Weather Notes: Weather imagery in the personal papers of Margarete Berger-Hamerschlag

Date

Written by
Dr Clare George, Archivist, Martin Miller and Hannah Norbert-Miller Trust

Miller Trust Archivist, Dr Clare George, takes a look into our archives to explore how the Austrian British émigré artist Margarete Berger-Hamerschlag found inspiration for her art in the weather

For Austrian-British émigré artist Margarete Berger-Hamerschlag, the weather and its shaping and colouring of the physical and human landscape were a deep source of inspiration for her art and engagement with the world around her. This is evident not only from her paintings, which are held in collections worldwide, but also from the broader records of her work and life in her archive at Senate House Library. Berger-Hamerschlag’s correspondence, poetry and artwork are permeated with weather imagery and metaphors, , often used to conjure vivid descriptions of geographical sites that were significant in her life.

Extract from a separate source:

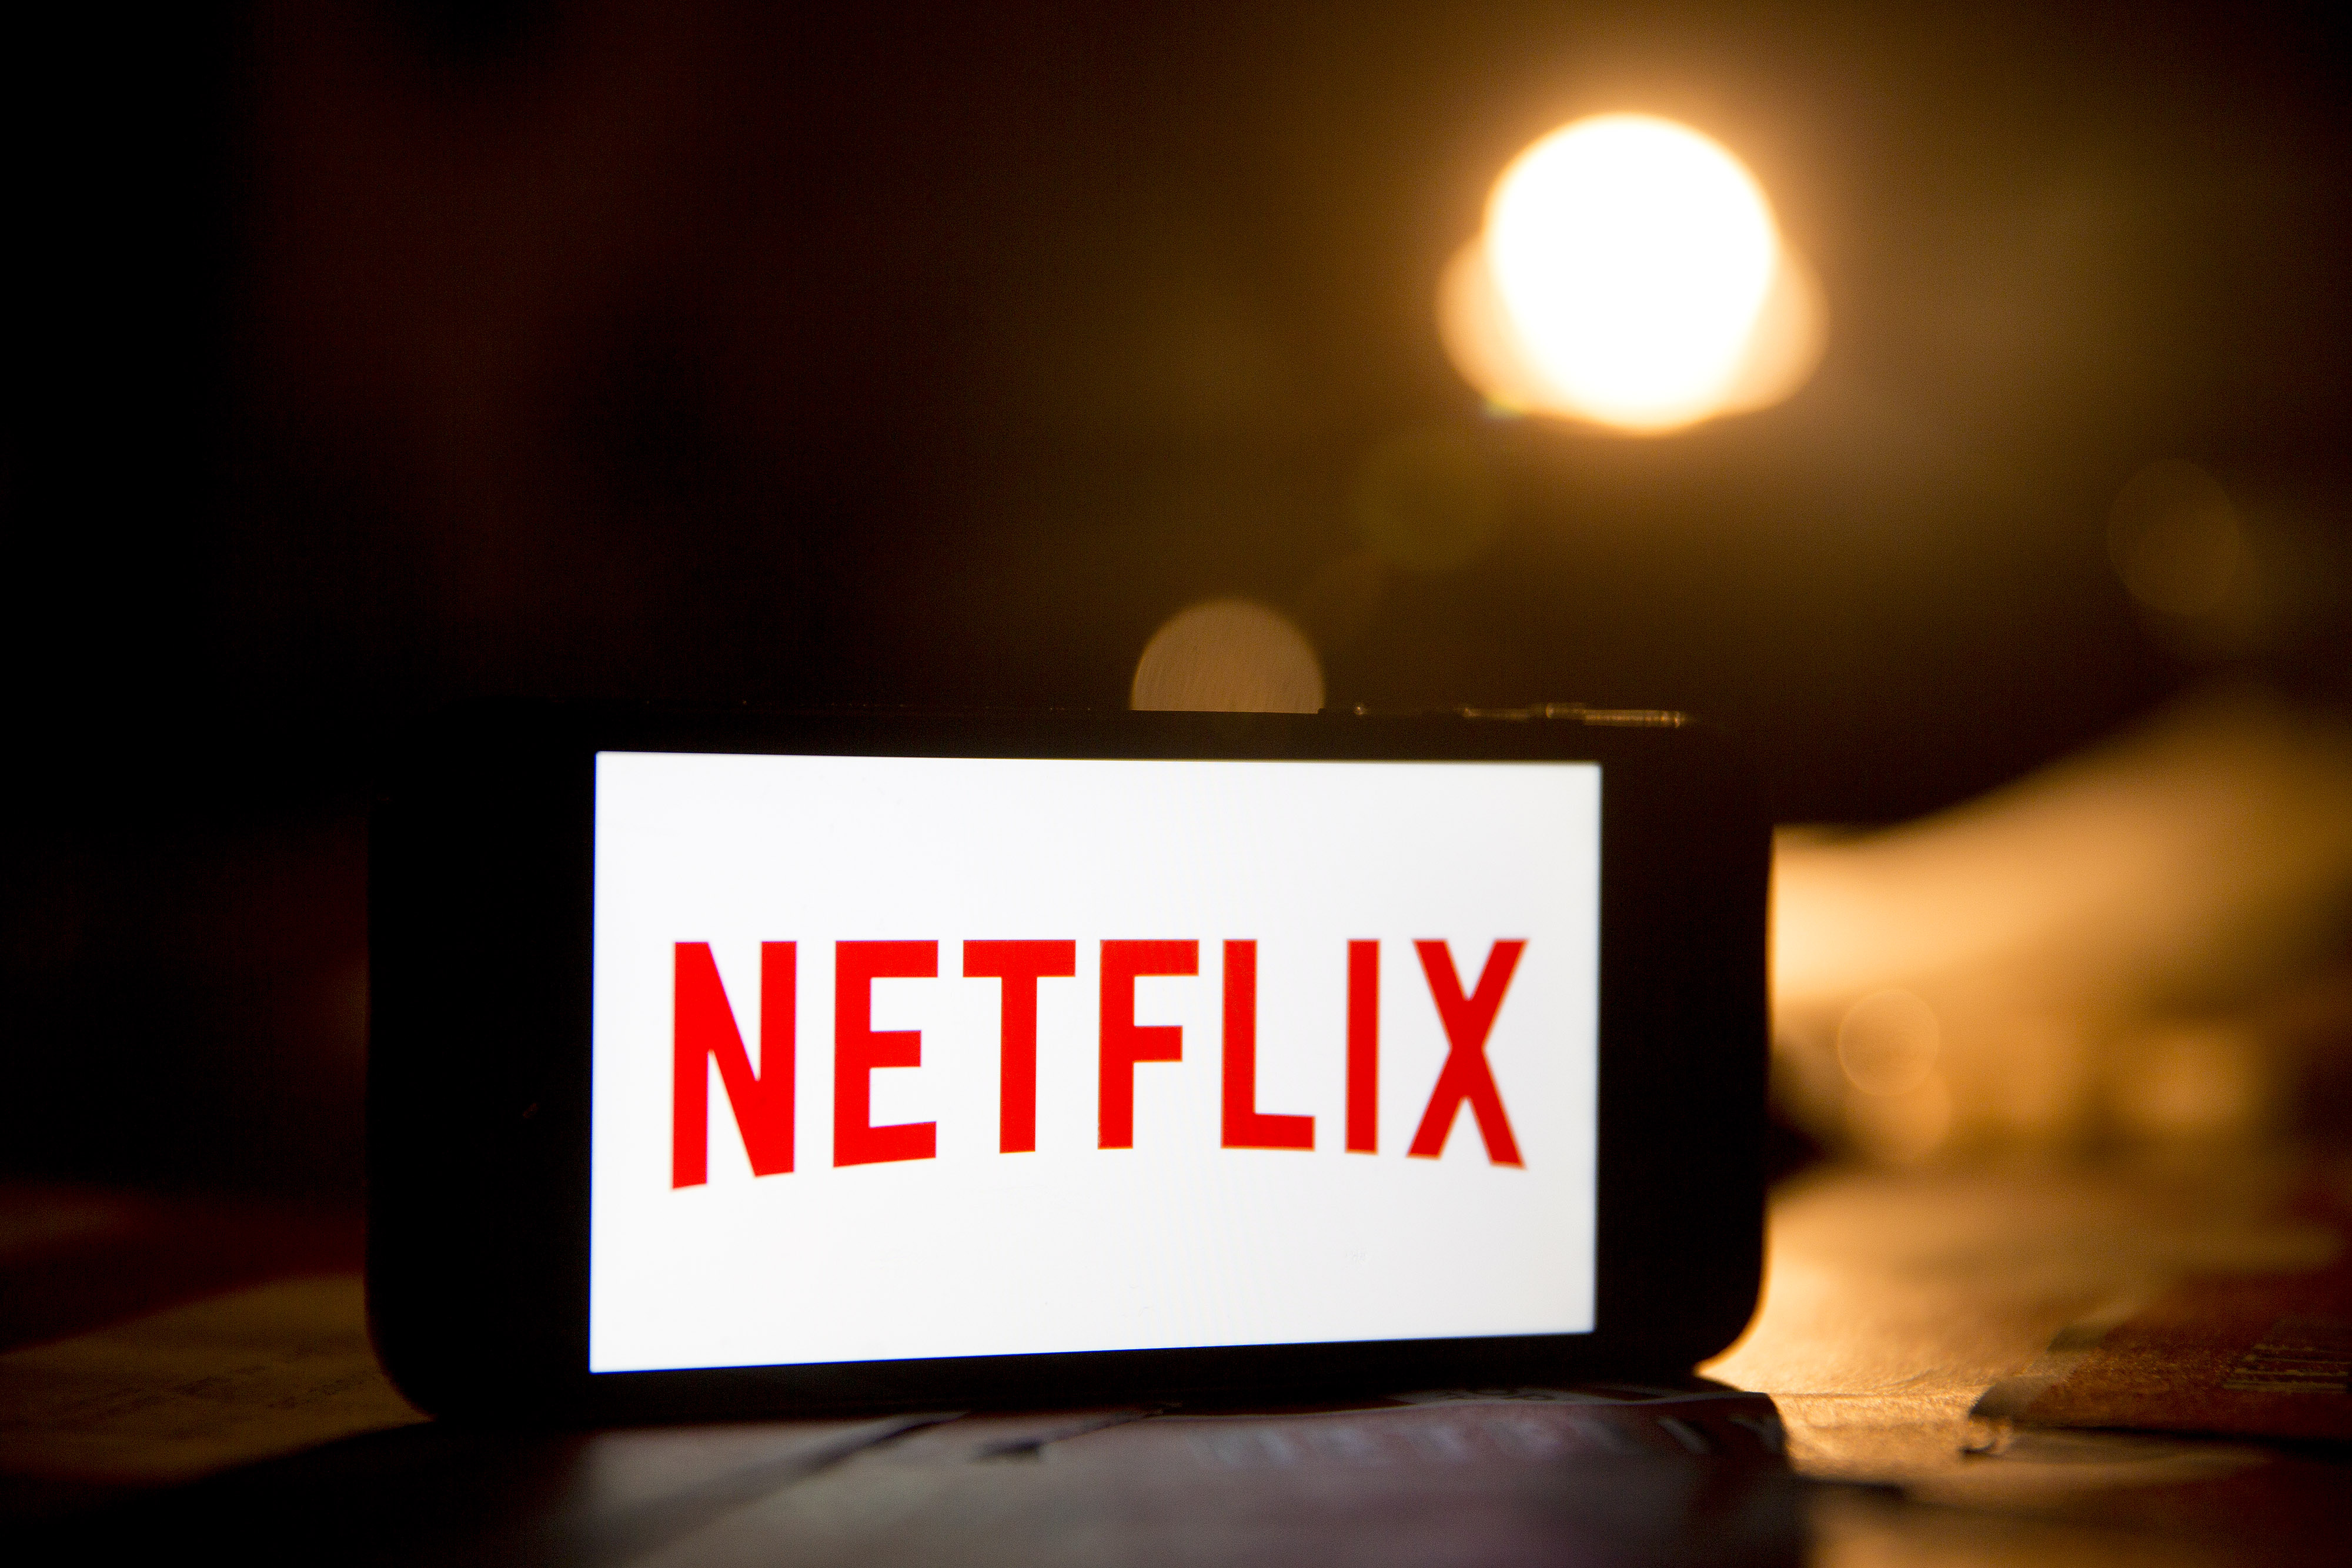 Netflix — Most Admired 2016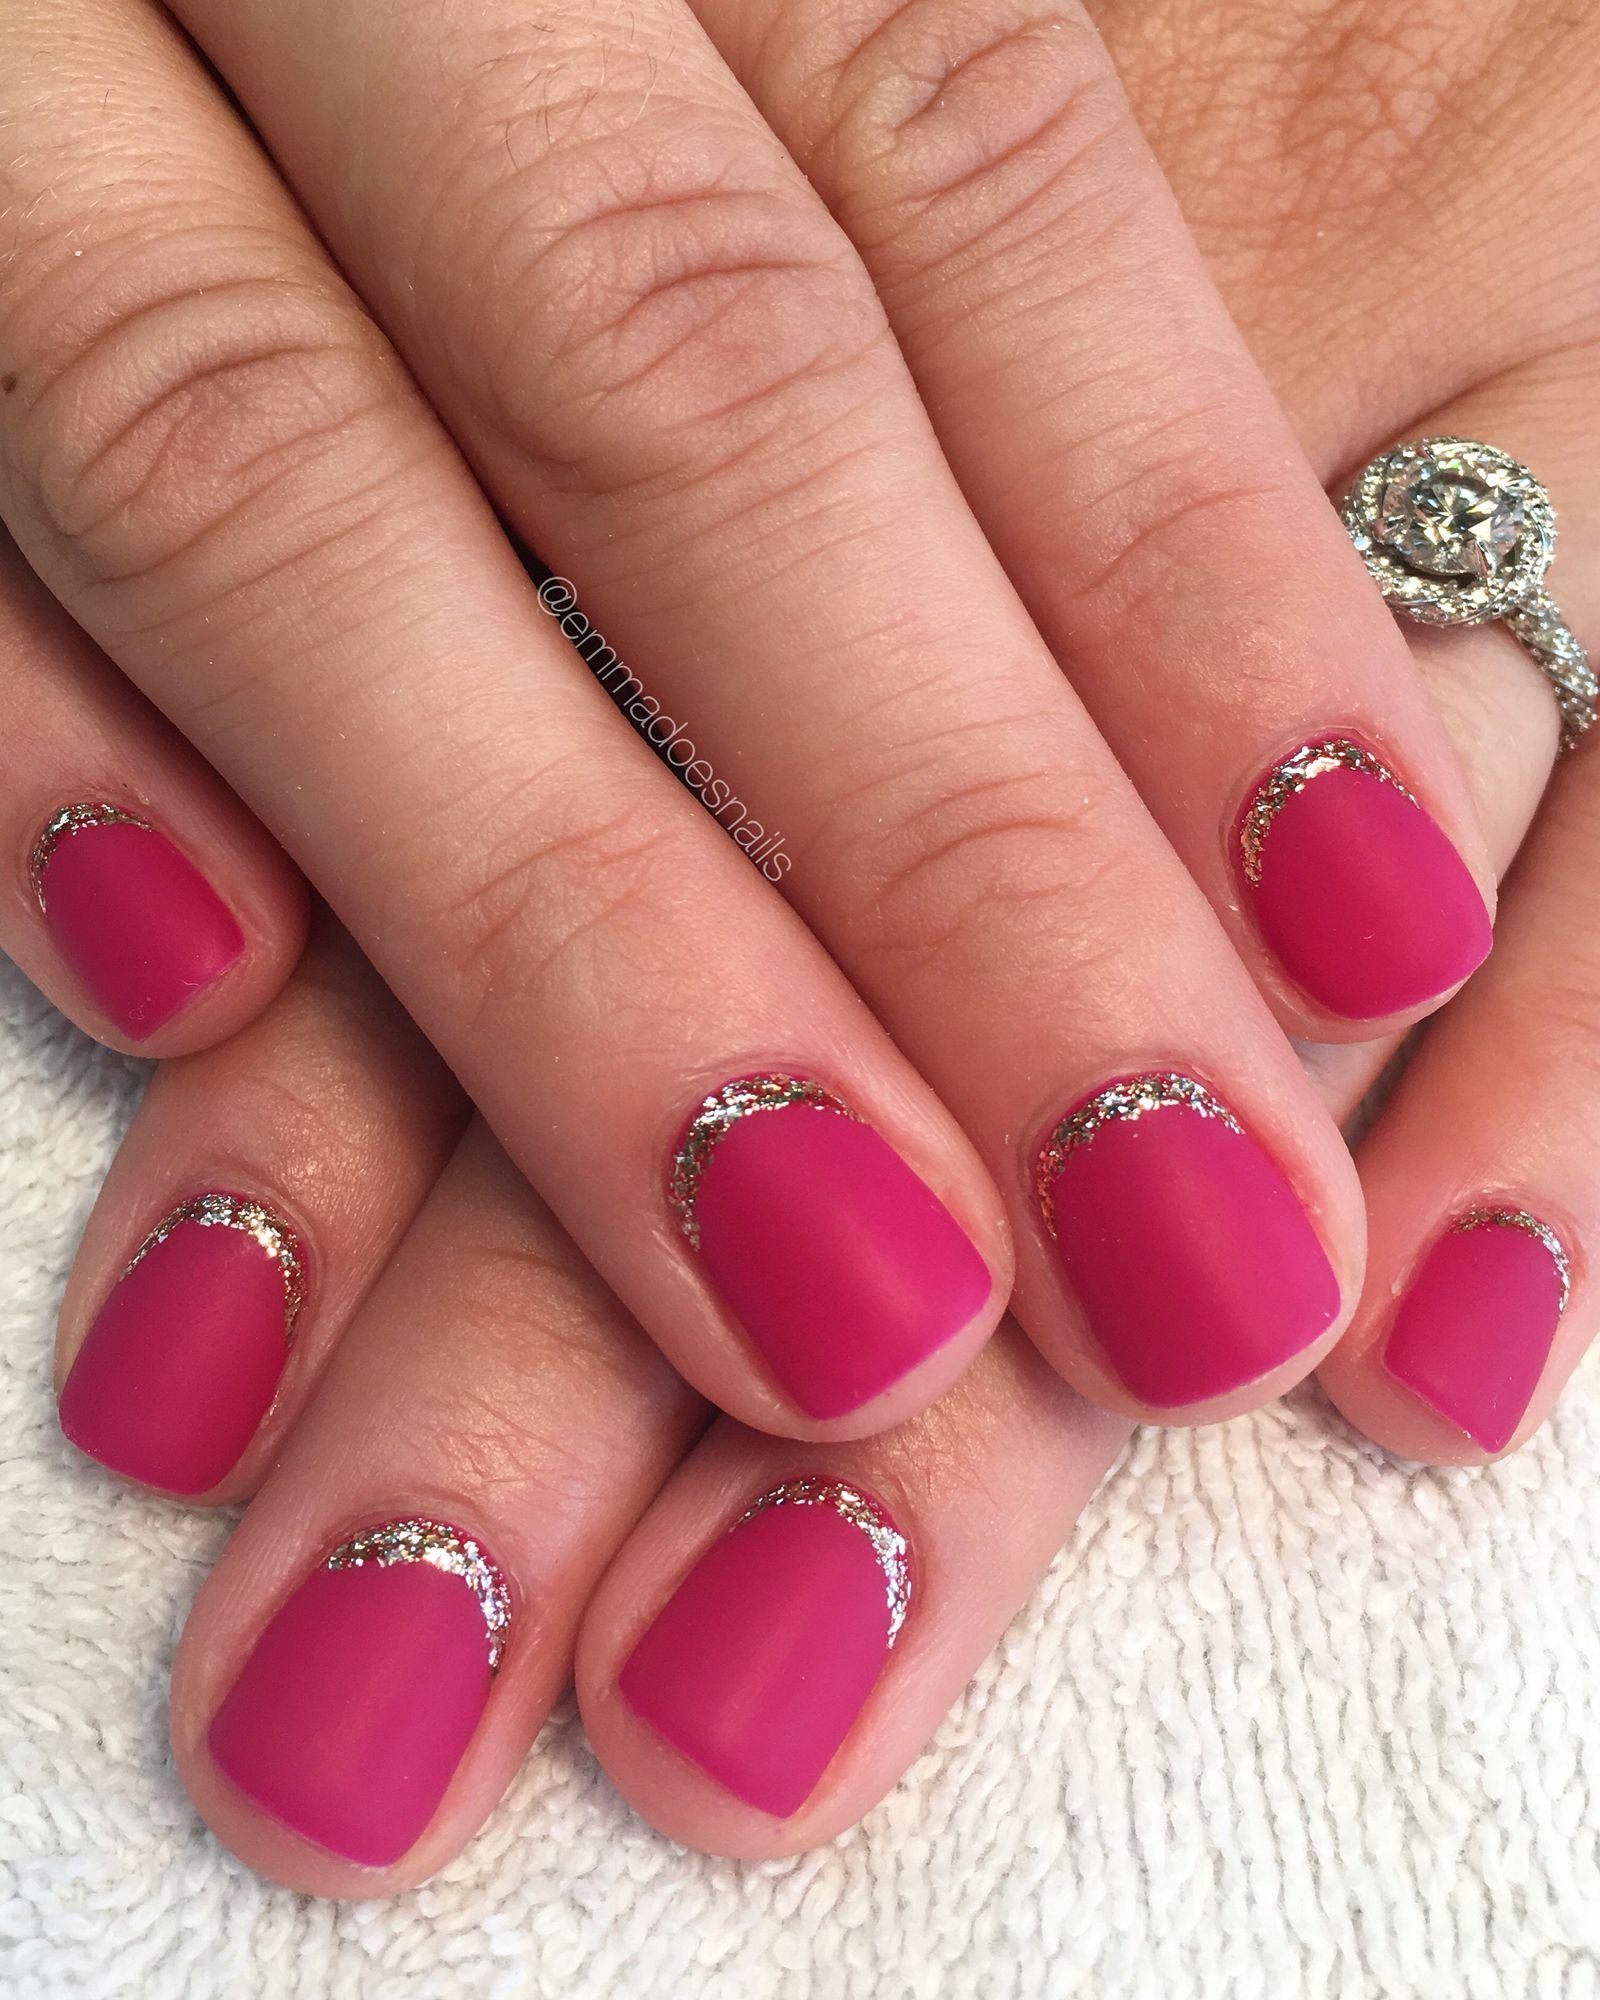 gel nails, gel mani, short nails, cute nails, emmadoesnails, Emma ...

The ability to evoke the memory of past places was of particular importance for Berger-Hamerschlag as an émigré, a ‘free spirit who traversed the world, painting from country to country’, as her son later described her. In the 1920s and early 1930s her work as an illustrator and designer had taken her to southern, central and eastern Europe, and after the establishment of the Austrofascist regime in 1934, she and her husband Josef Berger emigrated to Palestine, where from where she explored and painted Turkey, Syria and Greece.

Records of various kinds have survived from these travels in her archive at SHL, including sketchbook diaries, illustrations, short stories and poetry. In a handmade picture book, ‘Gestanzln aus dem Heiligen Lande’ for instance, she depicted the fierce heat of the Palestinian sun which beat down on all who lived there.

A page with a watercolour image on the top and a text at the bottom. The image shows a sun over an abstract landscape with two buildings and two figures. In the corner there's a drawing of a pig, shedding tears, surrounded by a black haze. The text at the bottom reads: "Sonne glüht auf Fels und Stein / nur nicht auf das treue Schwein / scheint auf Schlange auf Skorpion / Hassan bey und Levysohn"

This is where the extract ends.